• **DATASET SECTION**:
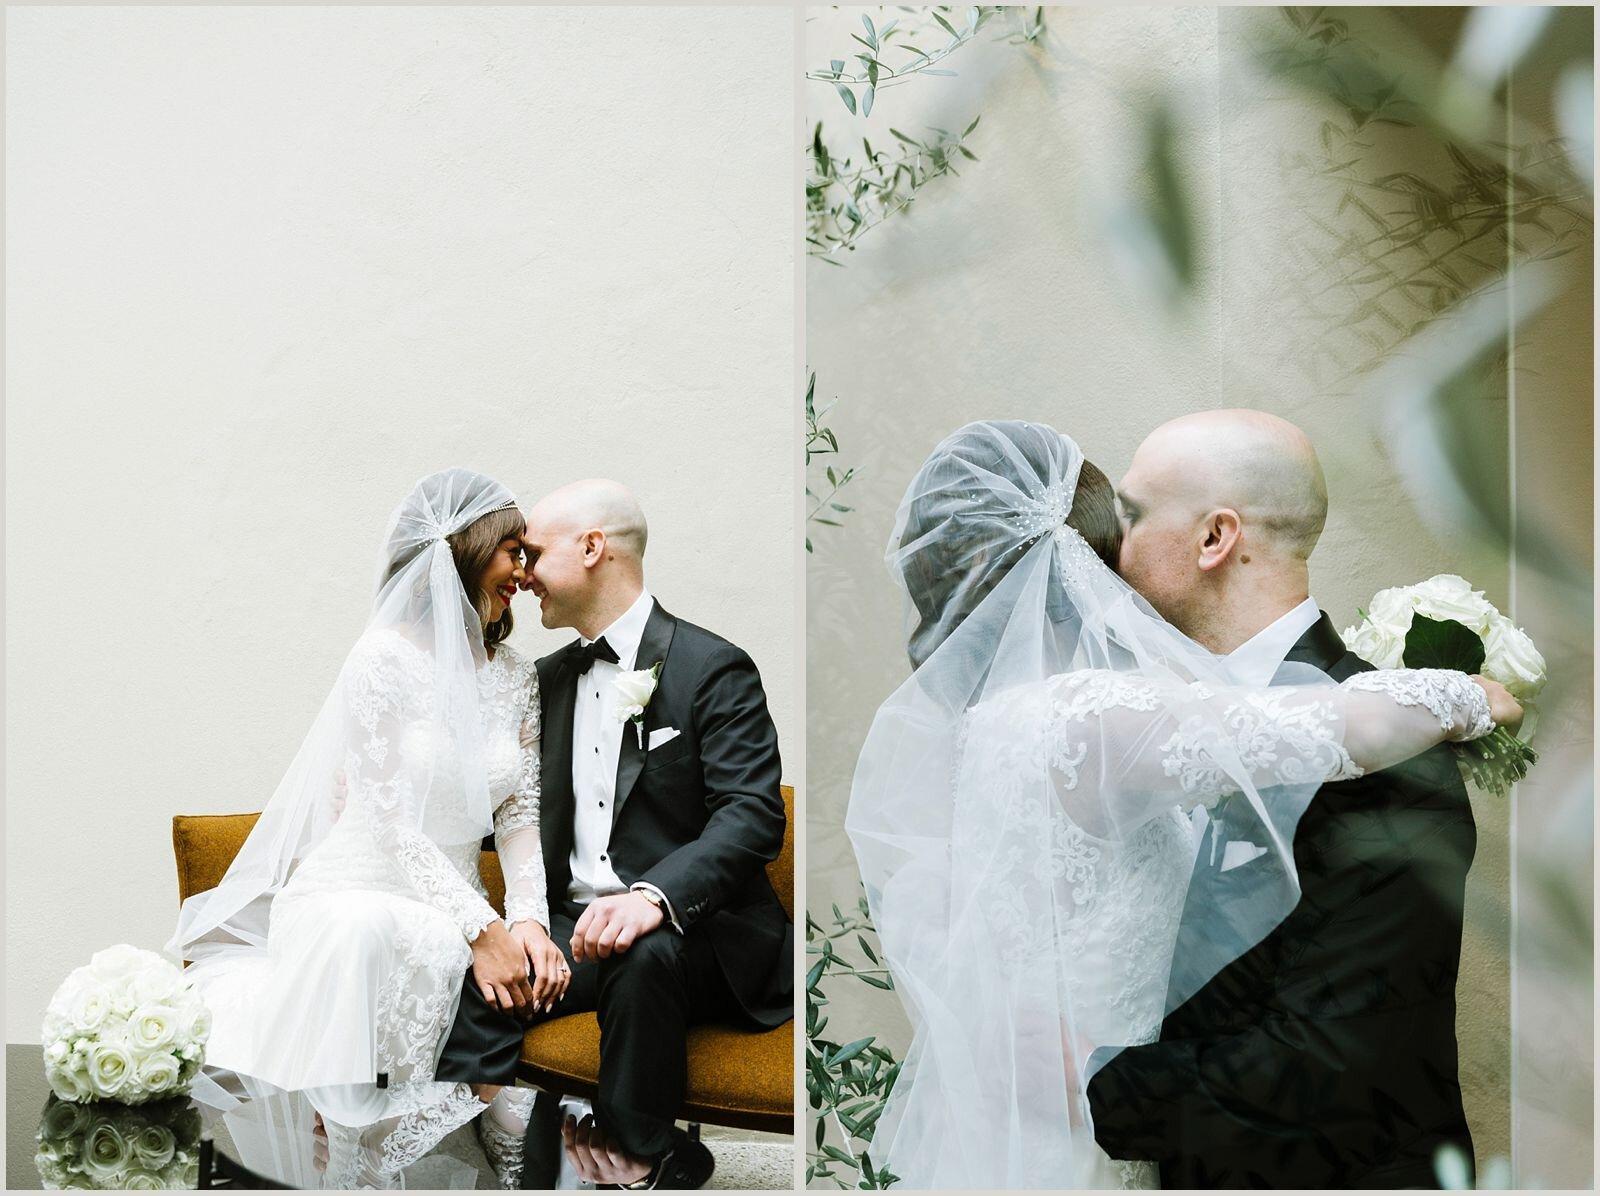 joseph_koprek_wedding_melbourne_the_prince_deck_0039.jpg
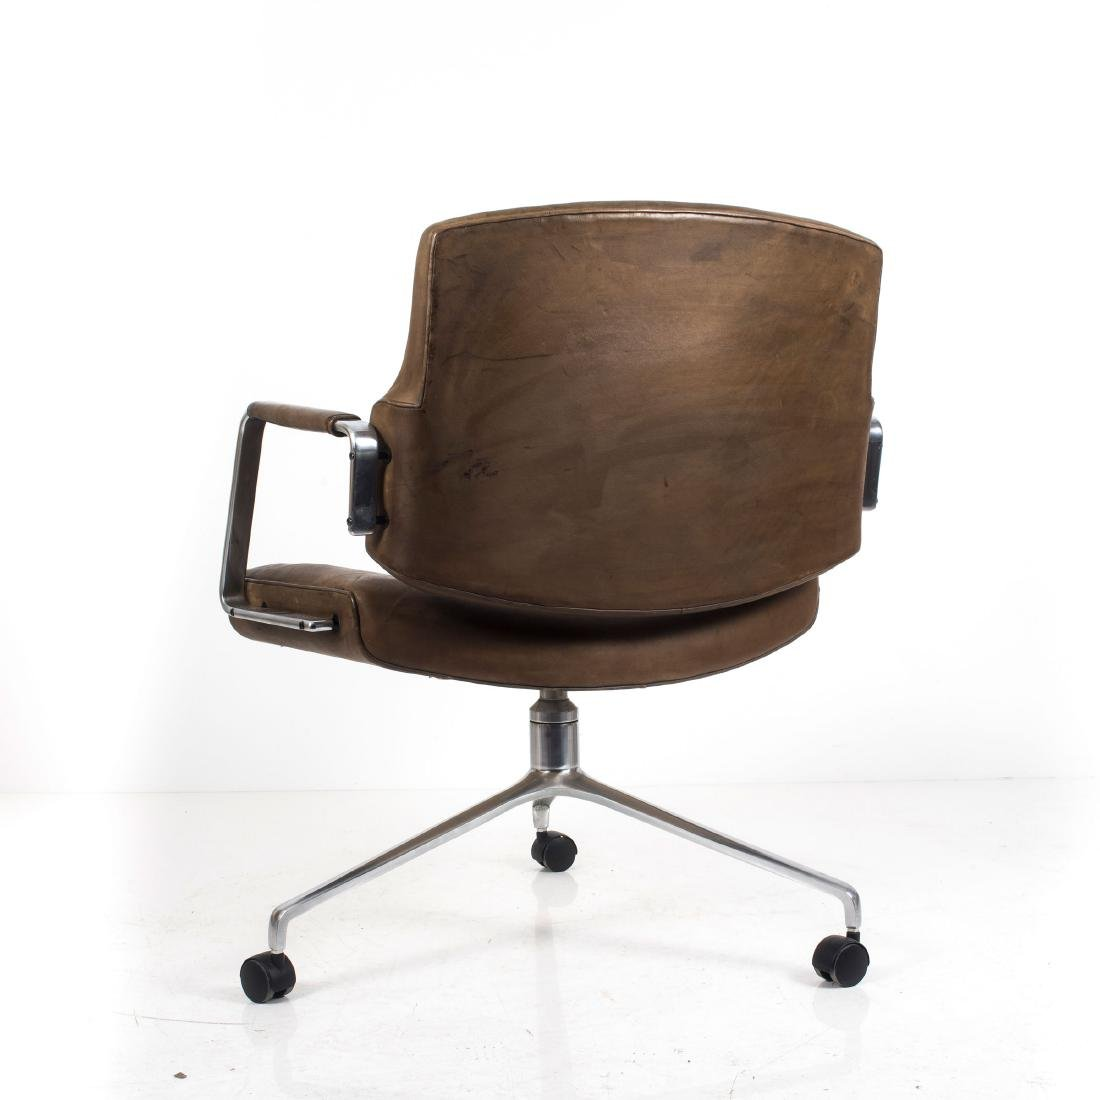 'DK-2' armchair, c. 1965 - 2
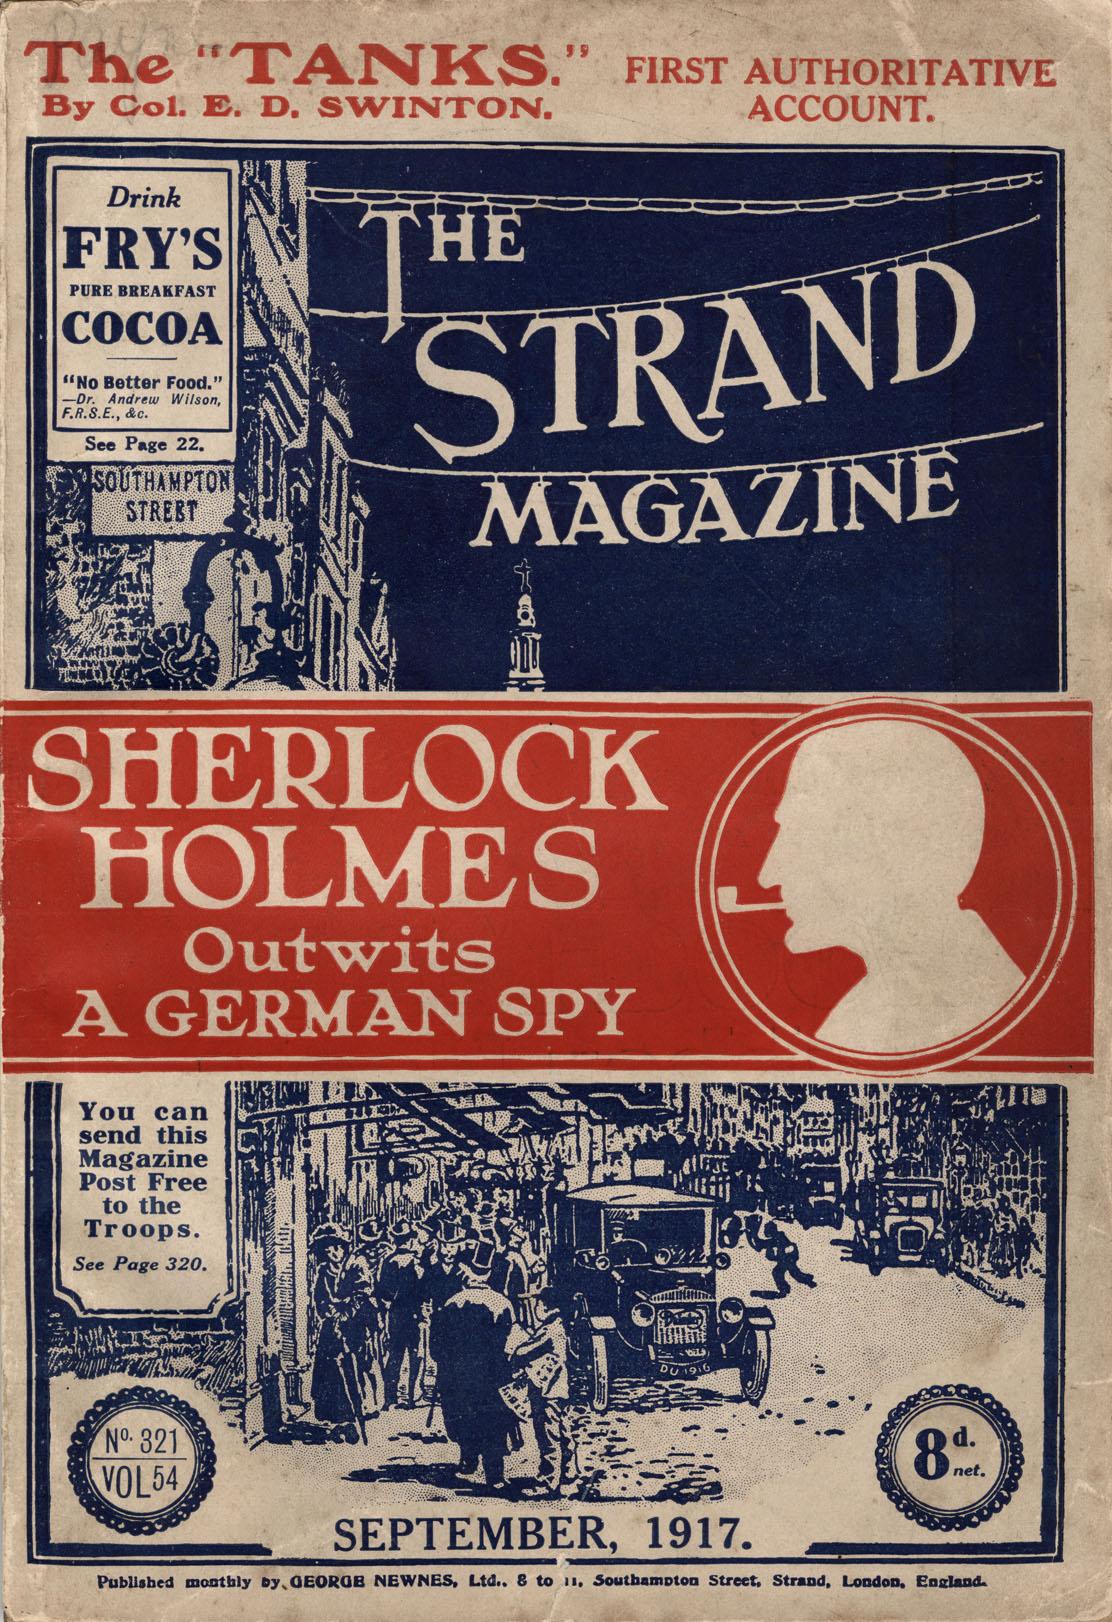 The Strand Magazine (cover), vol. 65, no. 321, September 1917.jpg
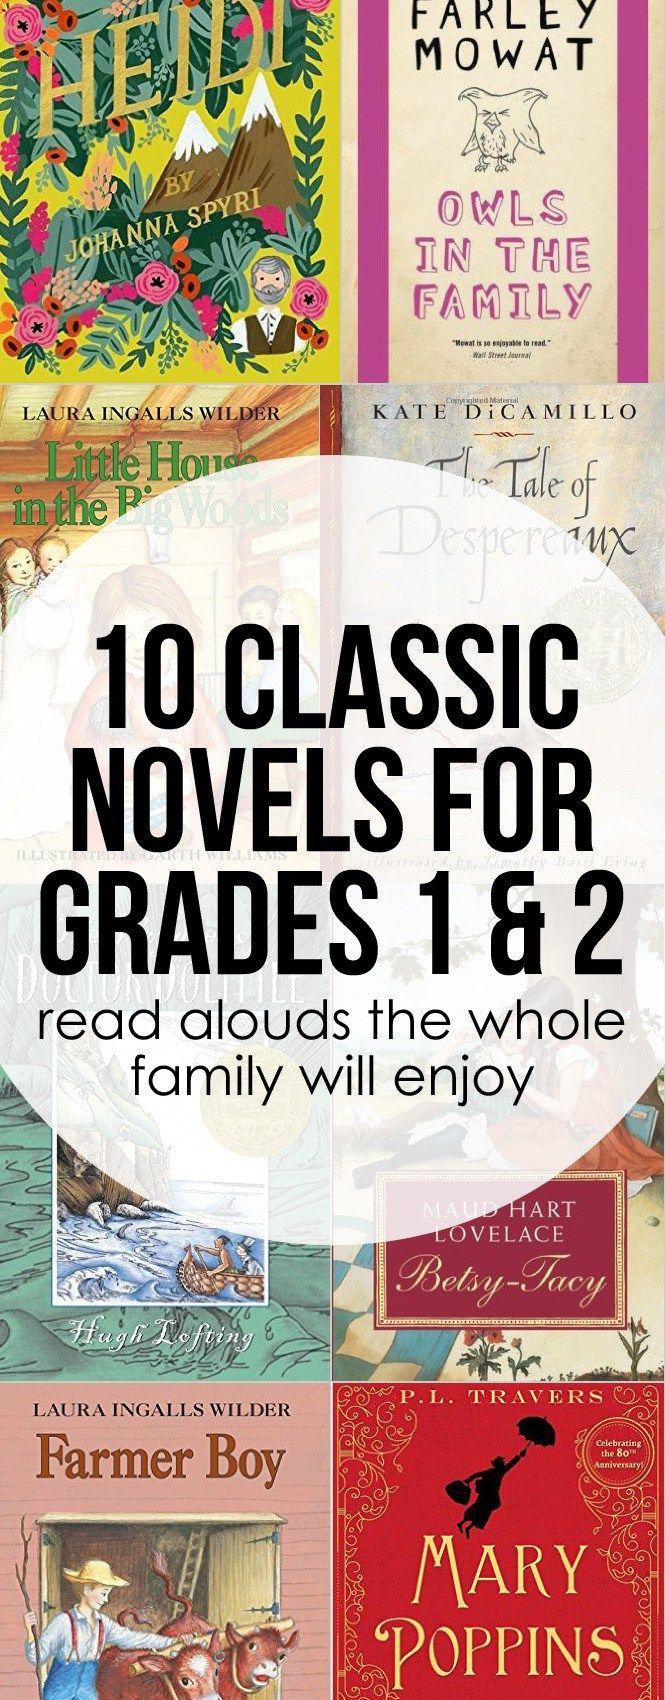 Classic Novels for Grades 1 & 2 | Read aloud books, Kids ...

• **PROBLEM REQUIREMENTS**:
Please write out exactly the lines from the one holding "The Strand Magazine" through the last line of the material above, both included, as a copy without pictures.

• **ANSWER SPACE**:
 The Strand Magazine (cover), vol. 65, no. 321, September 1917.jpg
 Classic Novels for Grades 1 & 2 | Read aloud books, Kids ...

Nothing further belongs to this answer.